From Bugzilla Helper: User-Agent: Mozilla/5.0 (X11; U; Linux i686; en-US; rv:1.7.5) Gecko/20041111 Firefox/1.0 Description of problem: A high pathname lookup rate by two tasks for objects in the same directory, on a SMP system, can result in one or more CPUs spinning in kernel mode for extended periods. I found that running a single instance of the attached program would sporadically induce high CPU load. I found I could induce the problem fairly reliably by forcing each process to run on a different CPU. For example, taskset 01 ./testd_c ; taskset 02 ./testd_c This will often leave one CPU idle and the other 100% in system mode. Occassionally both CPUs will be 100% busy in system mode. A profiled kernel shows the following: c029fa10 6767 0.955674 direct_strncpy_from_user c017ee1a 9521 1.34461 .text.lock.dcache c017d710 10661 1.50561 dput c0172750 11062 1.56224 path_release c029fc95 12025 1.69824 .text.lock.dec_and_lock c0172620 13250 1.87124 permission c0172ac0 13842 1.95484 link_path_walk c0173470 39061 5.51641 path_init c029fc50 75117 10.6084 atomic_dec_and_lock c017e290 96373 13.6103 d_lookup The atomic_dec_and_lock() is apparently from this statement at the top of the dput() function: if (!atomic_dec_and_lock(&dentry->d_count, &dcache_lock)) return; The problem does occur on the older RHEL 2.1 kernels but much less frequently. Version-Release number of selected component (if applicable): kernel-2.4.21-27.ELsmp How reproducible: Sometimes Steps to Reproduce: Run the attached program on a system with two CPUs. Force each task to run on a different CPU using the taskset(1) command. Actual Results: Occasionally one task will spend 100% of its time in kernel mode for extended periods. Expected Results: Accumulated CPU time per task will increase at a steady rate in direct proportion to the number of stat() calls. Additional info:
Created attachment 110543 [details] source and makefile to recreate problem
Please note that the contention, while sporadic, is severe when it does occur. When it does occur a task can spin in the kernel (apparently trying to acquire dcache_lock) for upwards of ten seconds.

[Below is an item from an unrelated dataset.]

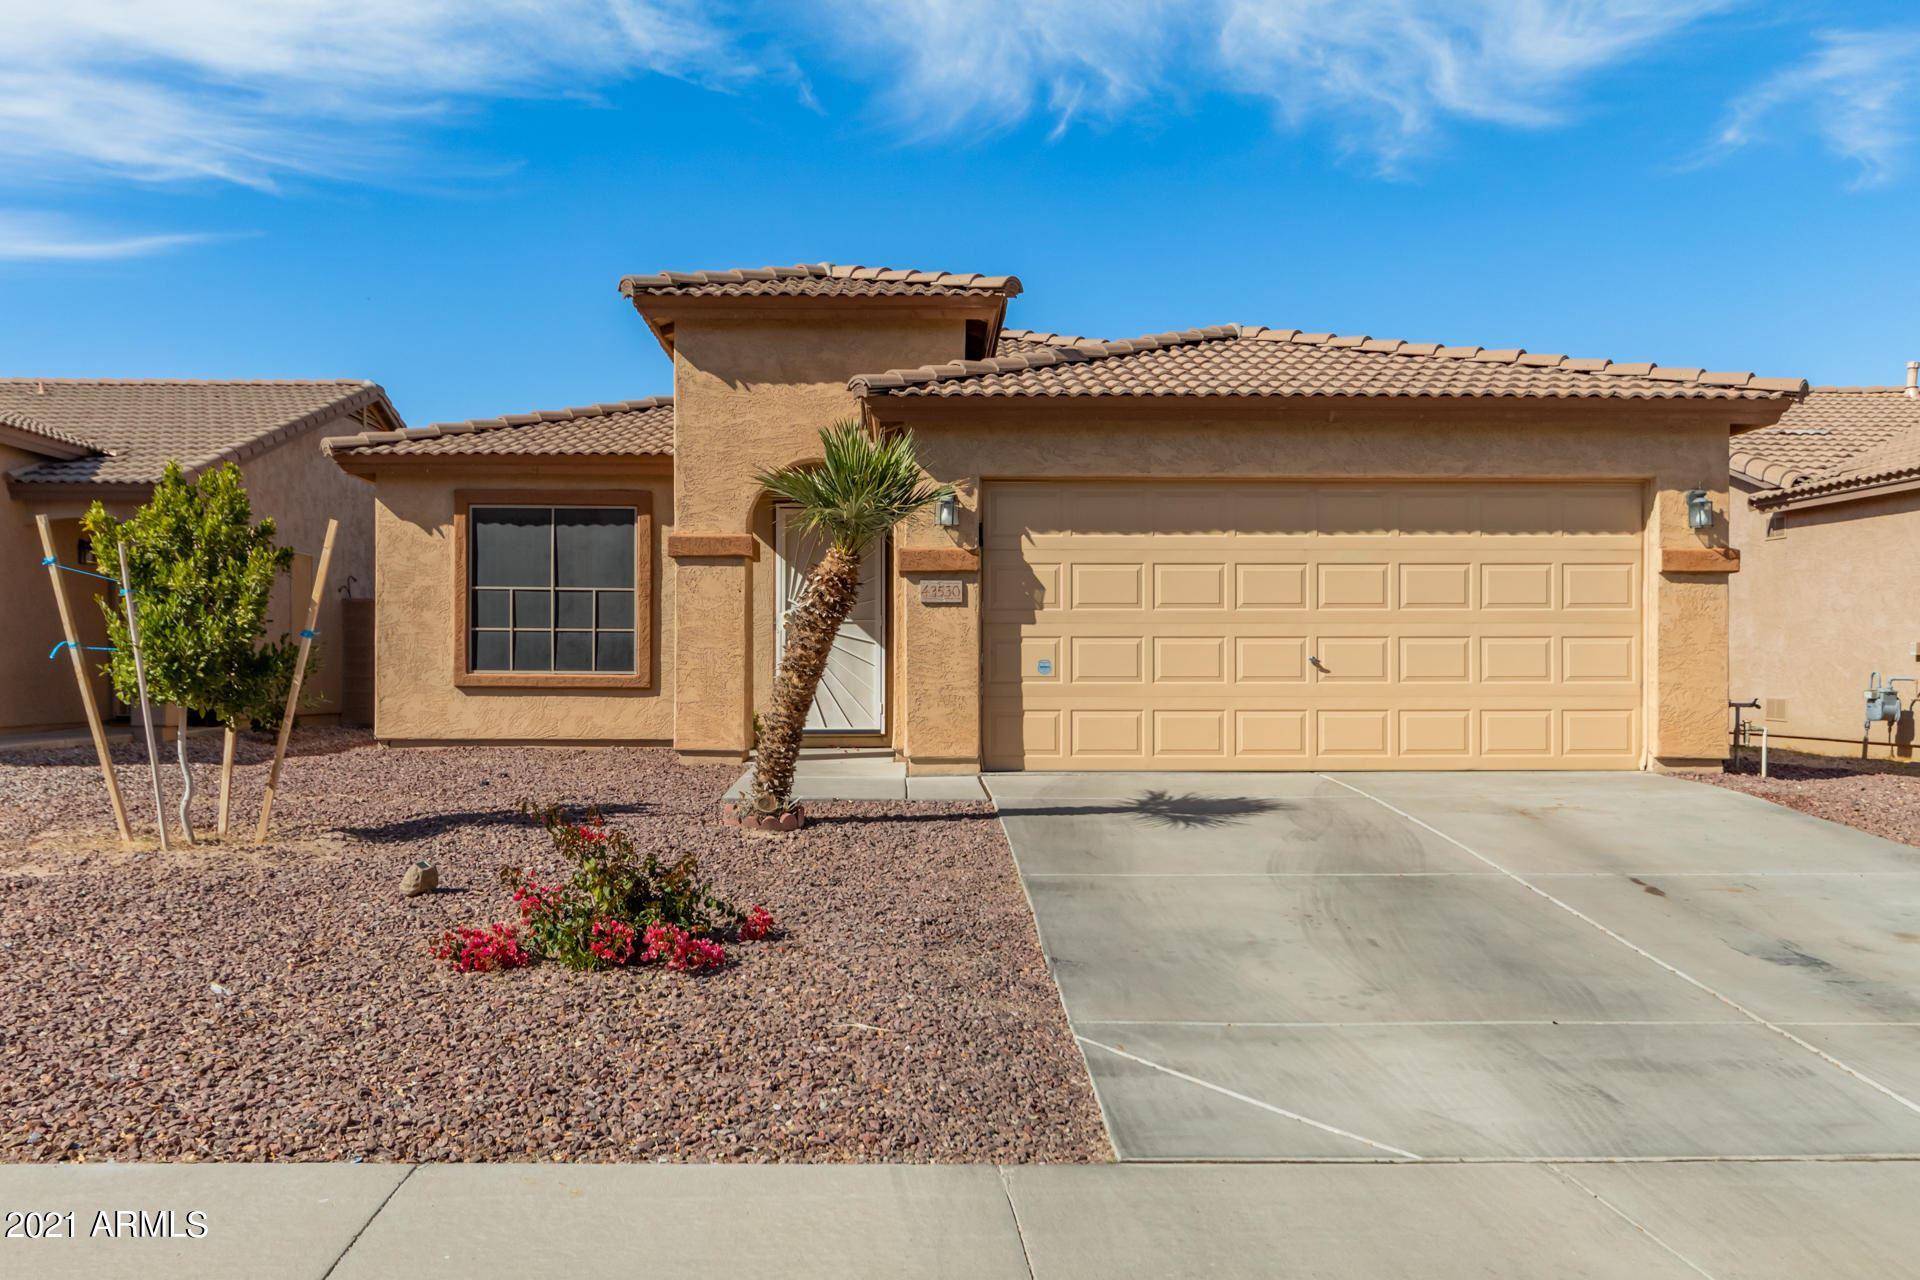 Photo of 43530 W SAGEBRUSH Trail, Maricopa, AZ 85138 (MLS # 6201911)

This bug is filed against RHEL 3, which is in maintenance phase. During the maintenance phase, only security errata and select mission critical bug fixes will be released for enterprise products. Since this bug does not meet that criteria, it is now being closed. For more information of the RHEL errata support policy, please visit: http://www.redhat.com/security/updates/errata/ If you feel this bug is indeed mission critical, please contact your support representative. You may be asked to provide detailed information on how this bug is affecting you.